Data block:

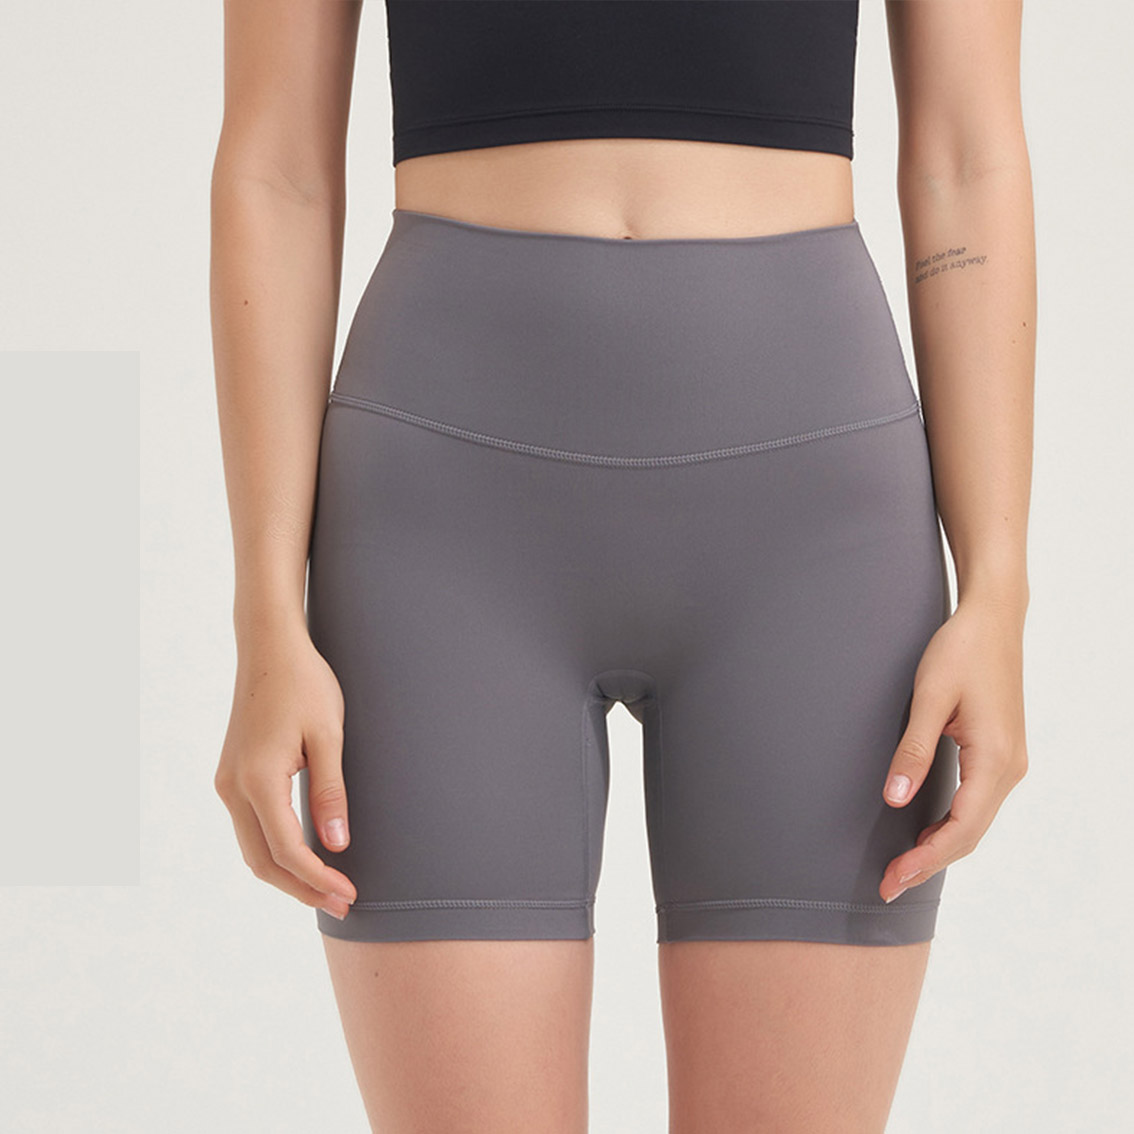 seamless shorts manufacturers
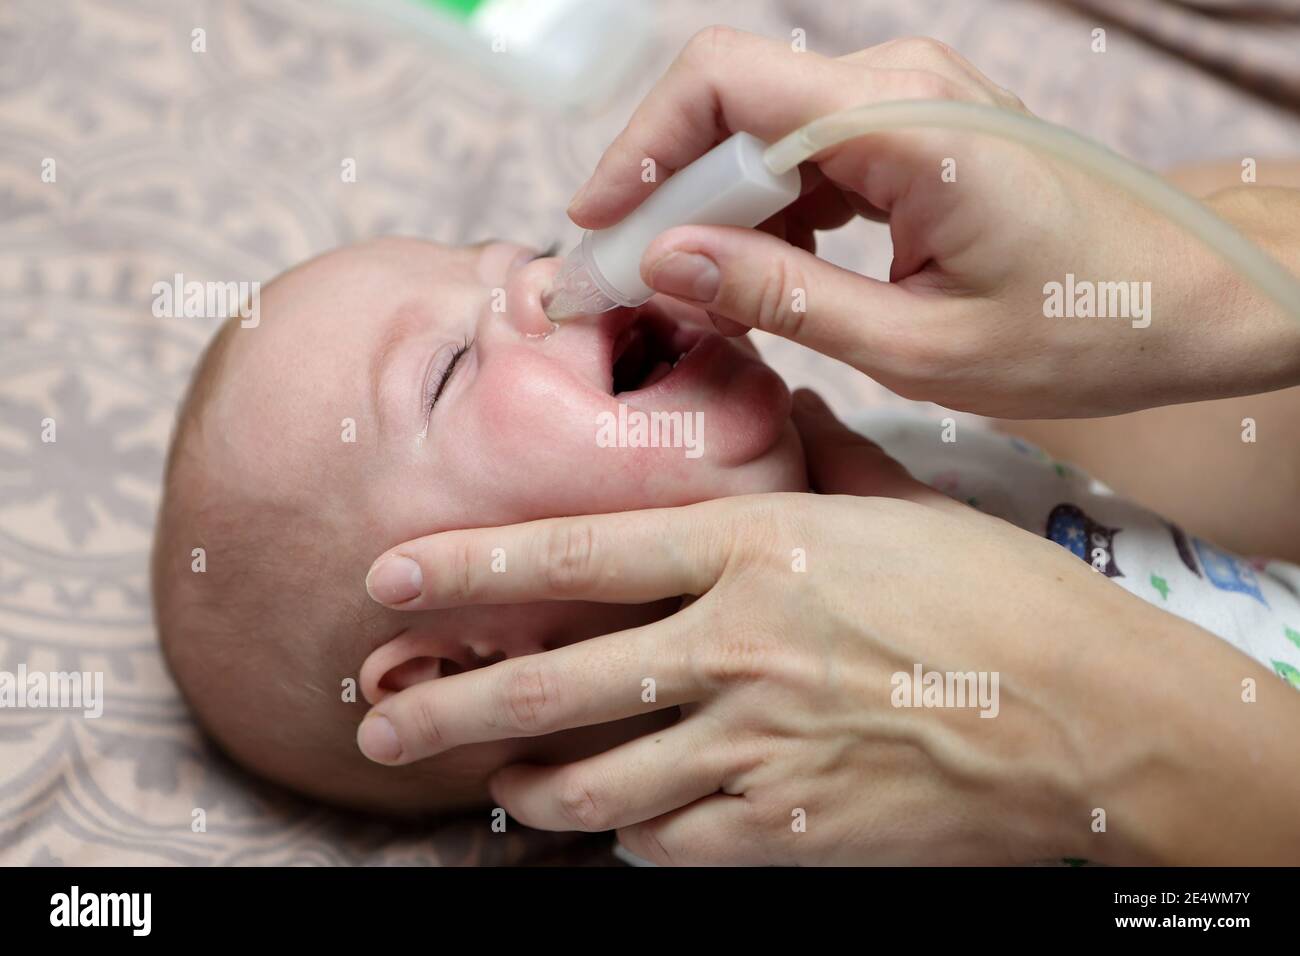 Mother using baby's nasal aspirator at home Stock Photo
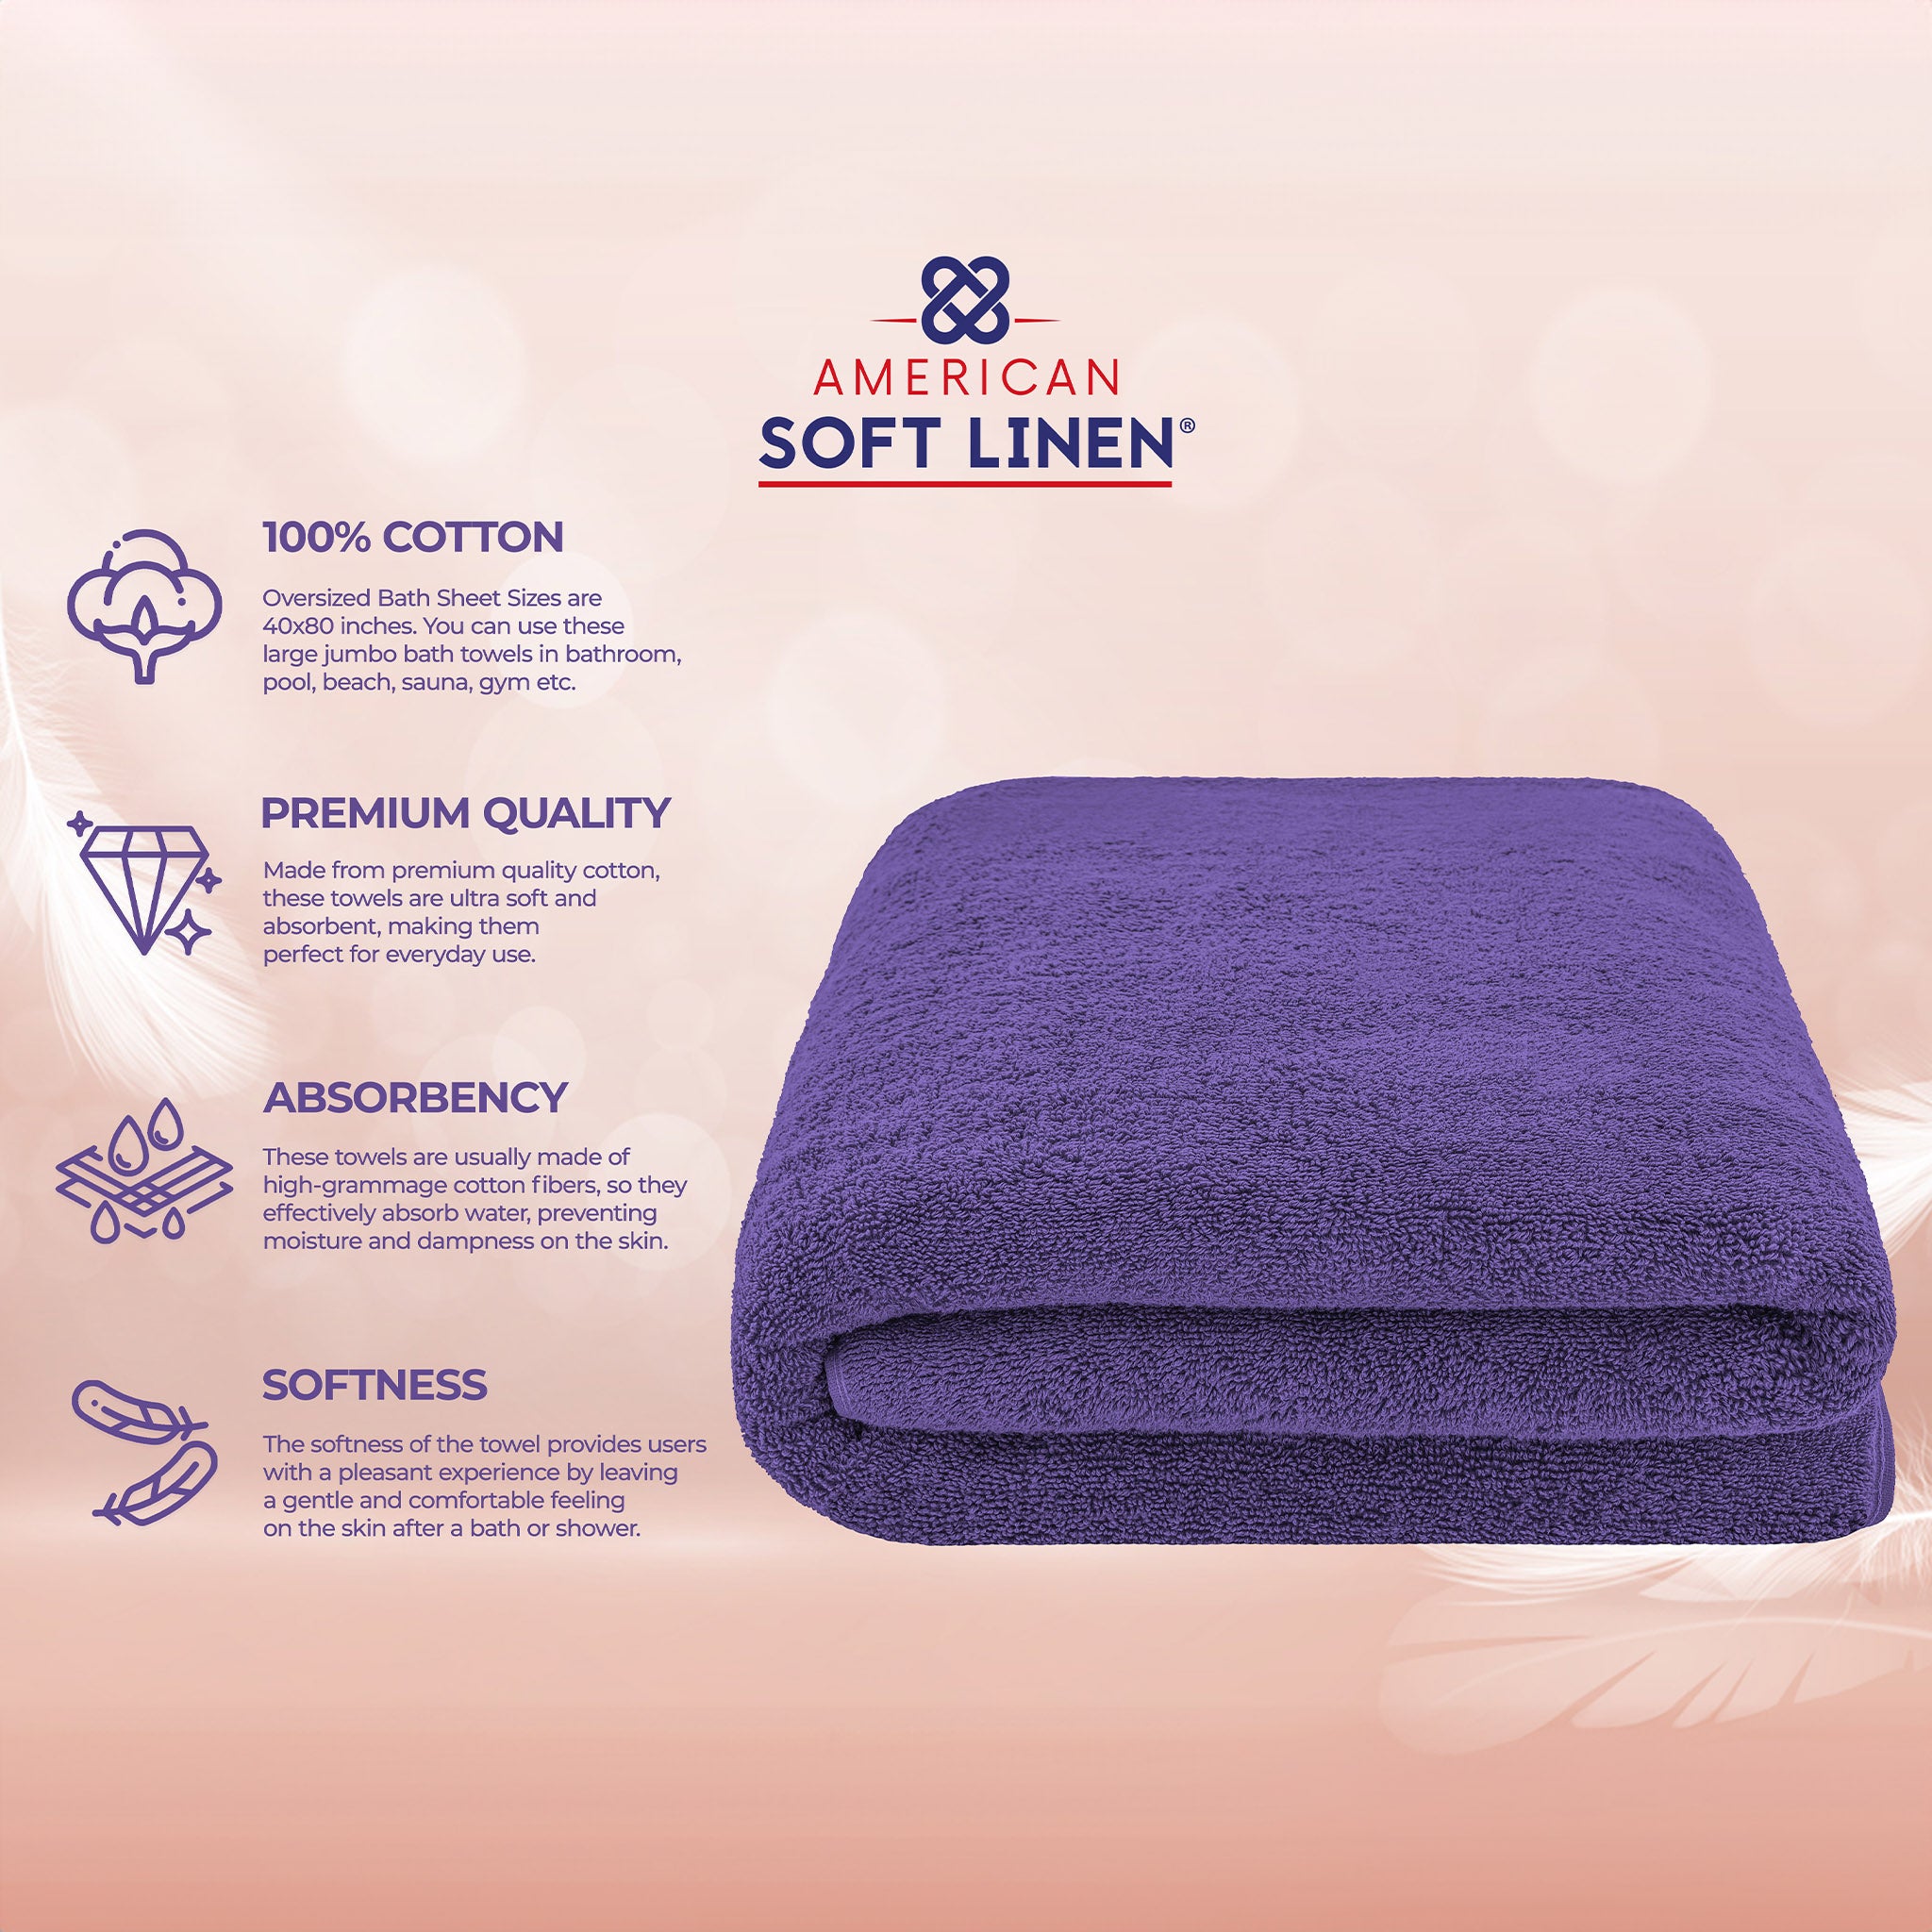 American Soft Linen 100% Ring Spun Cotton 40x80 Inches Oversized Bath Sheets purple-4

Task statement:
Copy out every line of the data exactly, leaving the images behind.

Result for this task:
 seamless shorts manufacturers
 Mother using baby's nasal aspirator at home Stock Photo
 American Soft Linen 100% Ring Spun Cotton 40x80 Inches Oversized Bath Sheets purple-4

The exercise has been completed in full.